Allocates boiler fuel data to the generator level.

Distributes boiler-level data from core_eia923__monthly_boiler_fuel to the generator level based on the boiler-generator association table and the nameplate capacity of the connected generators.

Because fuel consumption in the core_eia923__monthly_boiler_fuel table is reported per boiler_id, we must first map this data to generators using the core_eia860__assn_boiler_generator table. For boilers that have a 1:m or m: m relationship with generators, we allocate the reported fuel to each associated generator based on the nameplate capacity of each generator. So if boiler “1” was associated with generator A (25 MW) and generator B (75 MW), 25% of the fuel consumption would be allocated to generator A and 75% would be allocated to generator B.

pudl.analysis.allocate_gen_fuel.warn_if_missing_pms(gens: pandas.DataFrame) None[source]

Log warning if there are too many null prime_mover_code s.

Warn if prime mover codes in gens do not match the codes in the gf table this is something that should probably be fixed in the input data see https://github.com/catalyst-cooperative/pudl/issues/1585 set a threshold and ignore 2001 bc most errors are 2001 errors.

pudl.analysis.allocate_gen_fuel._test_frac(gen_pm_fuel: pandas.DataFrame) pandas.DataFrame[source]

Check if each of the IDX_PM_ESC groups frac’s add up to 1.

pudl.analysis.allocate_gen_fuel._test_gen_pm_fuel_output(gen_pm_fuel: pandas.DataFrame, gf: pandas.DataFrame, gen: pandas.DataFrame) pandas.DataFrame[source]
pudl.analysis.allocate_gen_fuel.test_gen_fuel_allocation(gen: pandas.DataFrame, net_gen_alloc: pandas.DataFrame, ratio: float = 0.05) None[source]

Does the allocated MWh differ from the granular core_eia923__monthly_generation?

Parameters:
  • gen – the core_eia923__monthly_generation table.

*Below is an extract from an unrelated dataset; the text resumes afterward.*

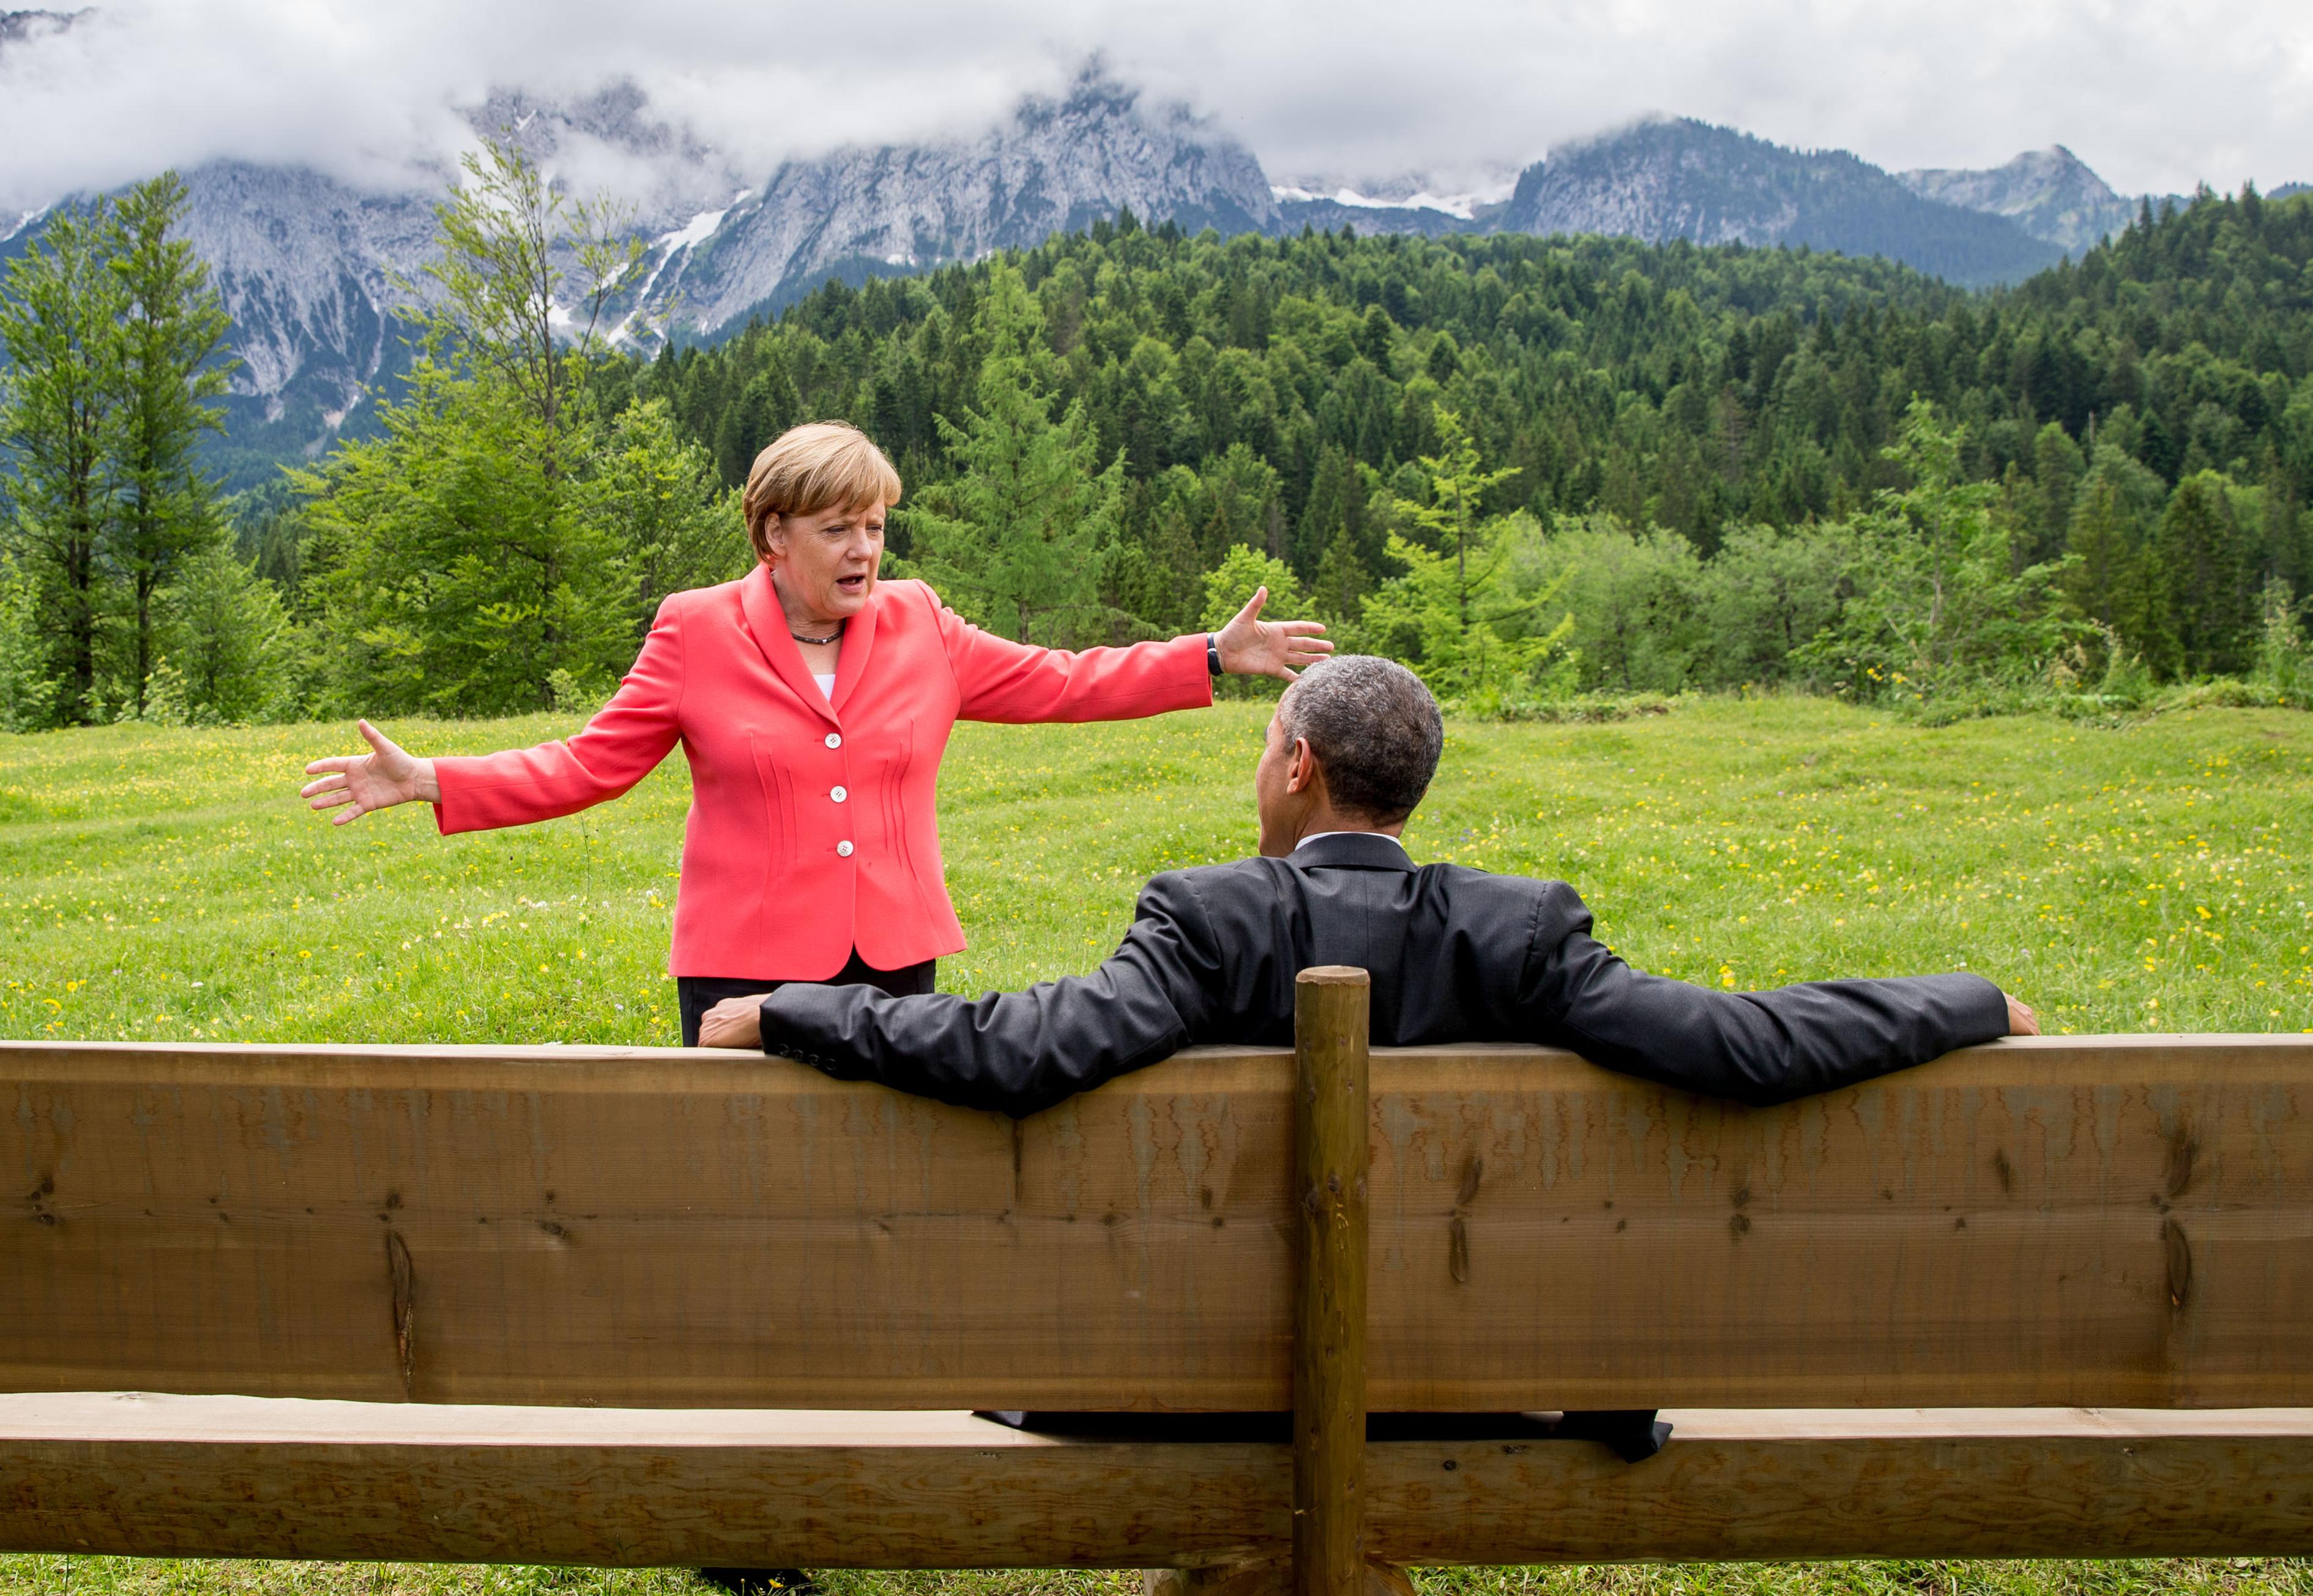 Decemberben jelentheti be Merkel, hogy újra indul a kancellári posztért

  • net_gen_alloc – the allocated net generation at the IDX_PM_ESC level

  • ratio – the tolerance

pudl.analysis.allocate_gen_fuel.test_original_gf_vs_the_allocated_by_gens_gf(gf: pandas.DataFrame, gf_allocated: pandas.DataFrame, data_columns: list[str] = DATA_COLUMNS, by: list[str] = ['year', 'plant_id_eia'], acceptance_threshold: float = 0.07) pandas.DataFrame[source]

Test whether the allocated data and original data sum up to similar values.

Raises:
  • AssertionError – If the number of plant/years that are off by more than 5% is not within acceptable level of tolerance.

  • AssertionError – If the difference between the allocated and original data for any plant/year is off by more than x10 or x-5.